In front is a small patio with two large round tables, each seating six. Inside, there are three small dining rooms with seating for twenty-five to about forty. In the back of the house is a newer dining area where we were seated. It looks as though there will eventually be a much larger outdoor patio, but this area was still under construction.

While our dining room didn’t have the old New Mexico charm of the front rooms, the owners have made an attempt to recreate the atmosphere of the past. One wall is dominated by a large kiva fireplace and another wall contains a long bench strewn with colorful pillows (photo below).

As you would expect, the menu relies heavily on New Mexican food, although the salad and sandwich lists do include a number of “All American” diner options, e.g., chef salad, fruit salad, turkey sandwich (with green chile), ham and cheese sandwich, club sandwich. But why travel over 1,700 miles to eat the same food that I can find in any East Coast diner? So we both went with “standards with a twist.” Chuck chose the Duke City (ABQ is known as the Duke City) Philly and I the Navajo Taco.

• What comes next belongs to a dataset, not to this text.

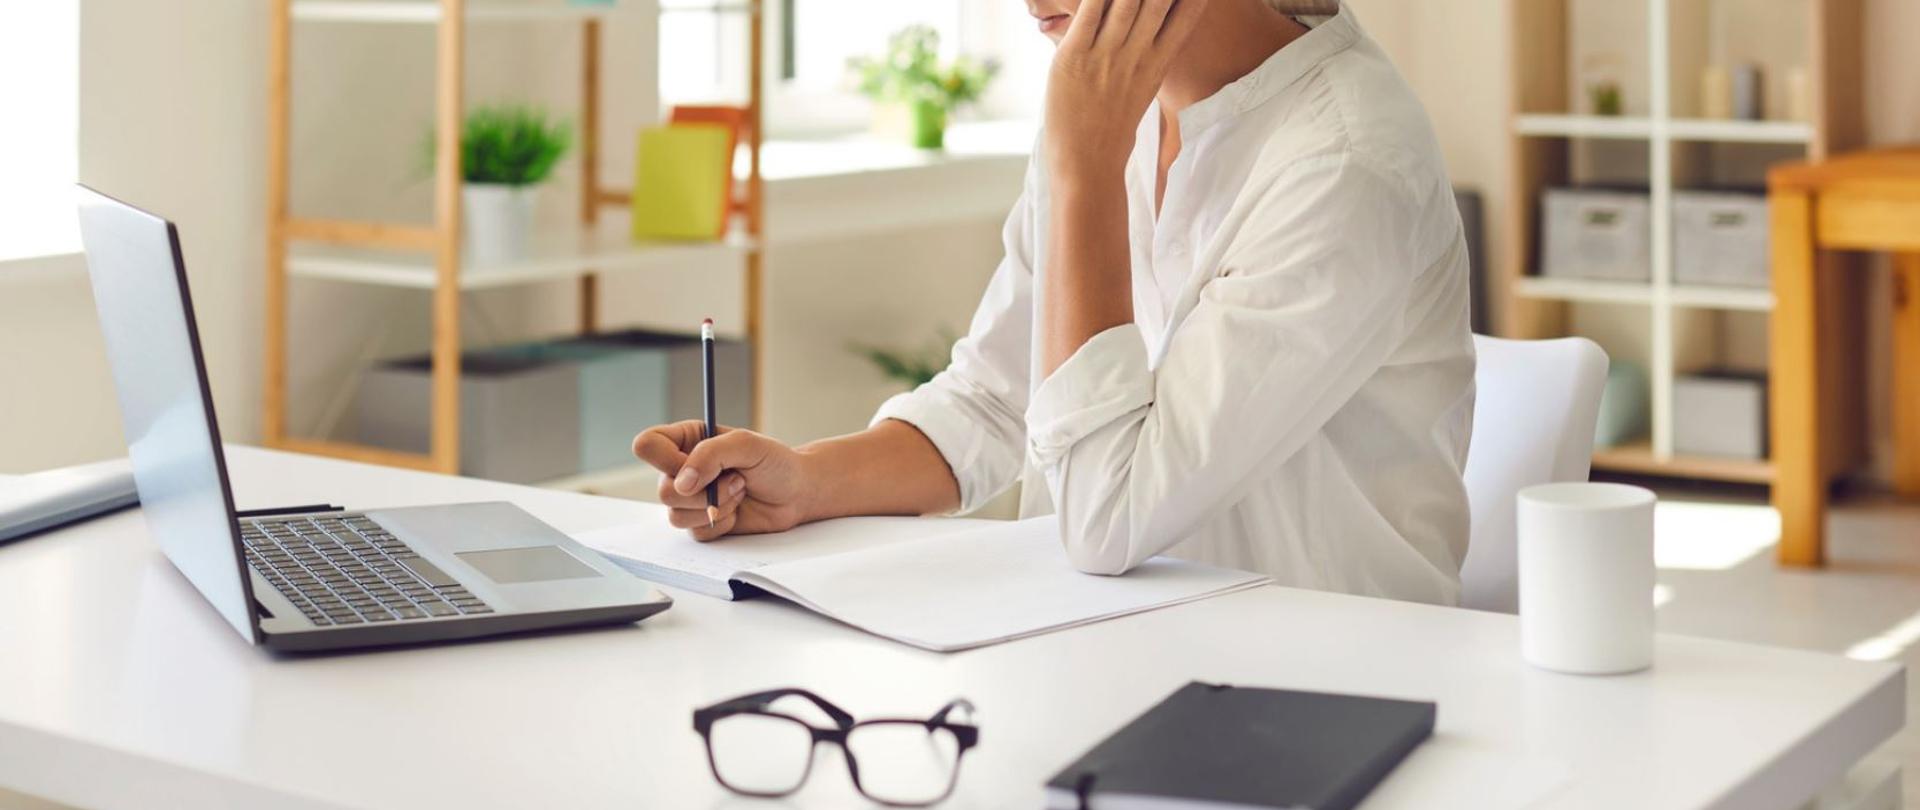 Kobieta w białej koszuli przy białym biurku, patrzy na otwarty laptop, zapisuje ołówkiem notatki w zeszycie, obok leżą okulary i biały kubek.

The Navajo Taco is basically a taco salad served on Indian Fry Bread. Indian fry bread is tradition to the Navajo, and though the tradition of fry bread is common among many Southwestern Tribes, it is the Navajo who developed the recipe. Baking powder is used as the leavening agent, and as the name suggests, the plate-size round of dough is fried in very hot oil or other fat. The result is a fried circle of dough about eight to ten inches in diameter. This disc was then topped with seasoned ground beef, beans, cheese, avocado, lettuce, and tomato. I had forgotten how filling the Navajo Taco can be!!

Chuck’s Duke City Philly was a large flour tortilla stuffed with shredded beef and finely chopped fried onion and came with a small bowl of green chile on the side.

Both of our lunches were good, but lacked the intense seasoning you find at restaurants (Tito and Mary’s or Garcia’s Kitchen) that cater to a mostly local audience. I suspect that, being in one of Albuquerque’s prime tourist areas, Church Street Café turns down the heat so to speak.

Since I wanted dessert (When don’t I want dessert?) I ate about two-thirds of my taco and took the rest home. It reheated nicely and made an interesting breakfast.

Time for dessert. Would it be the fried ice cream, the natillas (Mexican pudding), the bunuelo (fry bread dusted with sugar and cinnamon), or the flan? No, it was the sopaipilla stuffed with vanilla ice cream, drizzled with chocolate, and garnished with whipped cream. Chuck described this as a funnel cake (a Pennsylvania Dutch tradition) gone wild.

This was certainly not the best of Albuquerque’s food, but was a pleasant respite from searing chile and earns a 3.5 Addie rating.